Churches Combat Modern Slavery

Chances are good that within 100 yards of most locations in London, someone being held in some form of slavery. A new app will help people stay alert and be aware of the various guises modern slavery takes.

Car washes are notorious for using slave labor, according to church charities waging a new campaign. The Safe Car Wash app is the brainchild of the Anglican Clewer Initiative and the Roman Catholic Santa Marta Group.

Estimates of people held in slavery in Britain vary widely. An estimated 18,000 people are exploited as car-wash employees. While many of these businesses are legitimate, some threaten workers and trap them in modern slavery.

The app pinpoints the location of questionable car washes. It shows indicators of modern slavery: signs can include workers lacking appropriate protective clothing and shoes, and people in forced servitude often appear nervous and withdrawn.

The app helps users link to the Modern Slavery Helpline.

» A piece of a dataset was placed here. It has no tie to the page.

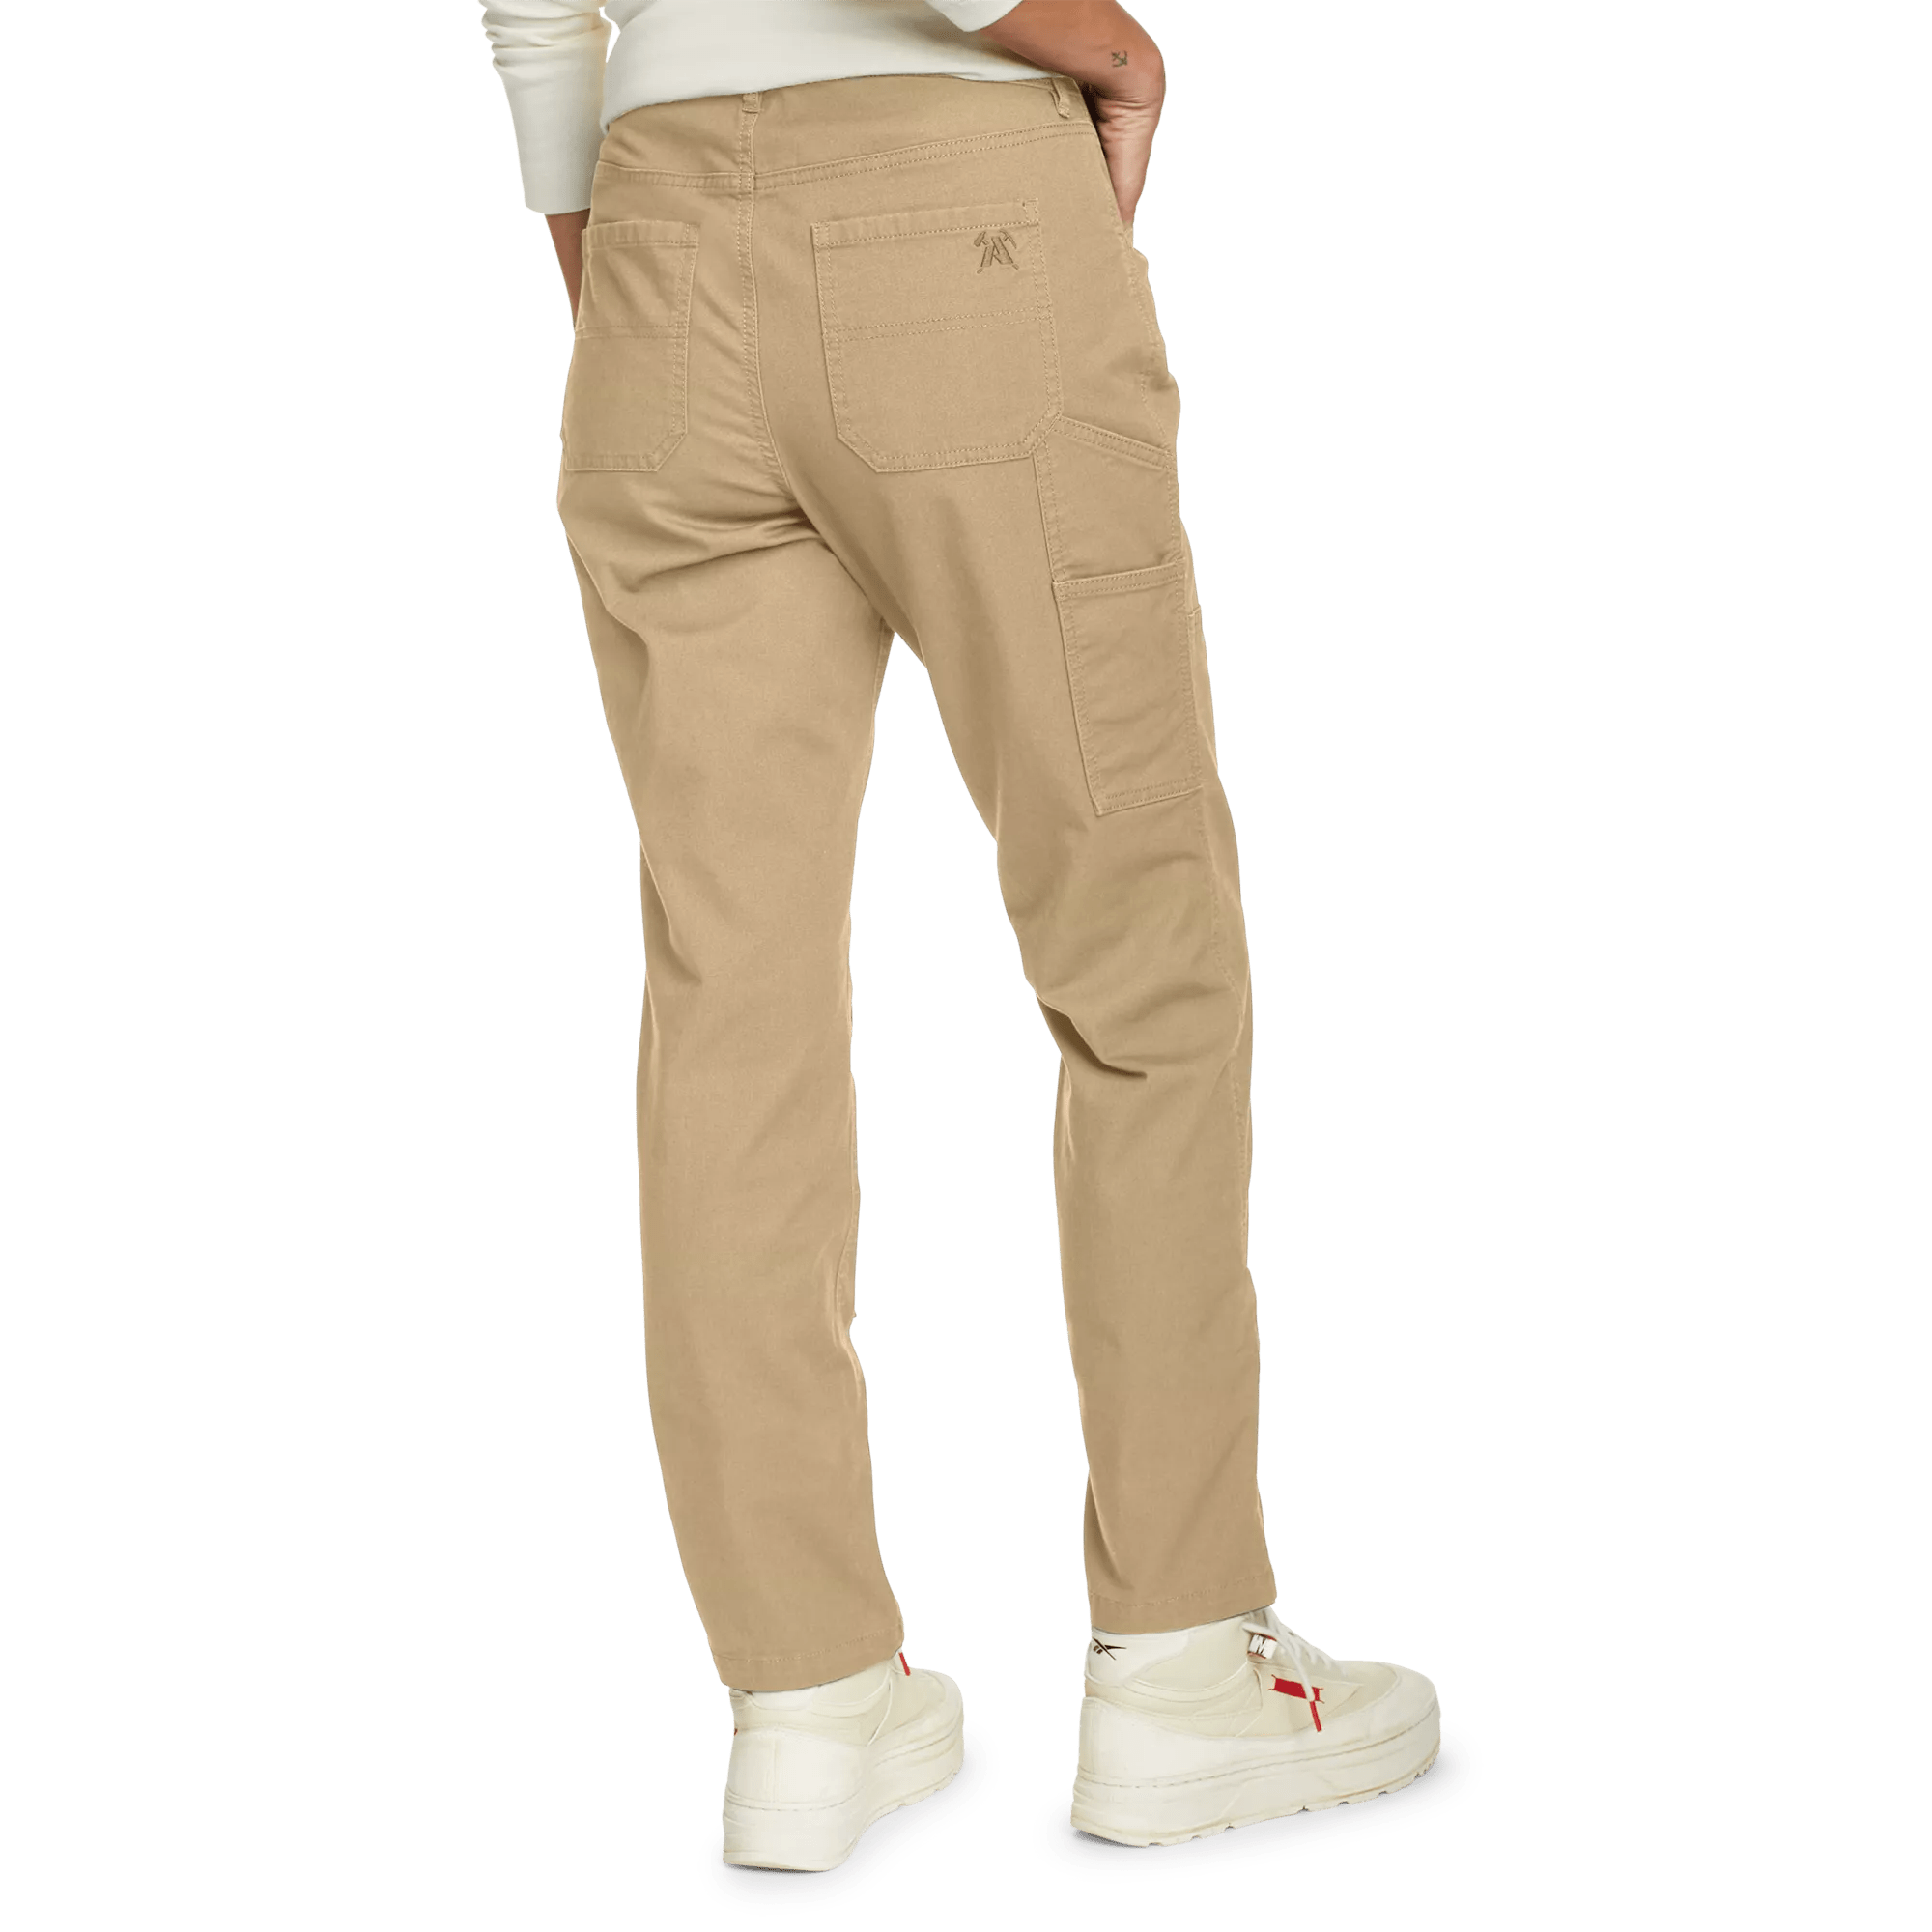 Mountain Ops Canvas Pants

Data from the app is shared with the National Crime Agency and the Gangmasters and Labour Abuse Authority.

Modern slavery takes many forms in the United Kingdom. Young women from countries like Albania can be lured to London by prospects of well-paid work. These women are locked up, beaten, and starved until they agree to become sex workers.

Nail salons often enslave attractive young women who have been trafficked. Church people need to be alert to cases of domestic servitude. A typical case may be a young African woman. She may attend church, seated between two adults and never allowed to mix with other worshipers. In fact, she may be held in domestic servitude, perhaps by members of her extended family based in London.

London’s metropolitan slavery unit receives 1,600 referrals each year. It has warned that modern slavery in Britain is burgeoning. In the days of William Wilberforce’s campaign against the international slave trade, to secure someone for the transatlantic slave trade would have cost £20,000 in today’s money. Today, £150 will cover the cost of a one-way airline ticket from many European cities to London.

The Salvation Army has long fought exploitation of women as sex workers. It helps former sex slaves obtain new identities and vocational training. In 1885, it worked with journalist W.T. Stead of The Pall Mall Gazette, who is often hailed as the founder of investigative journalism. He was jailed under a technicality, having purchased 13-year-old Eliza Armstrong with the intention of setting her free. His campaign eventually led to raising the age of consent for girls from 13 to 16.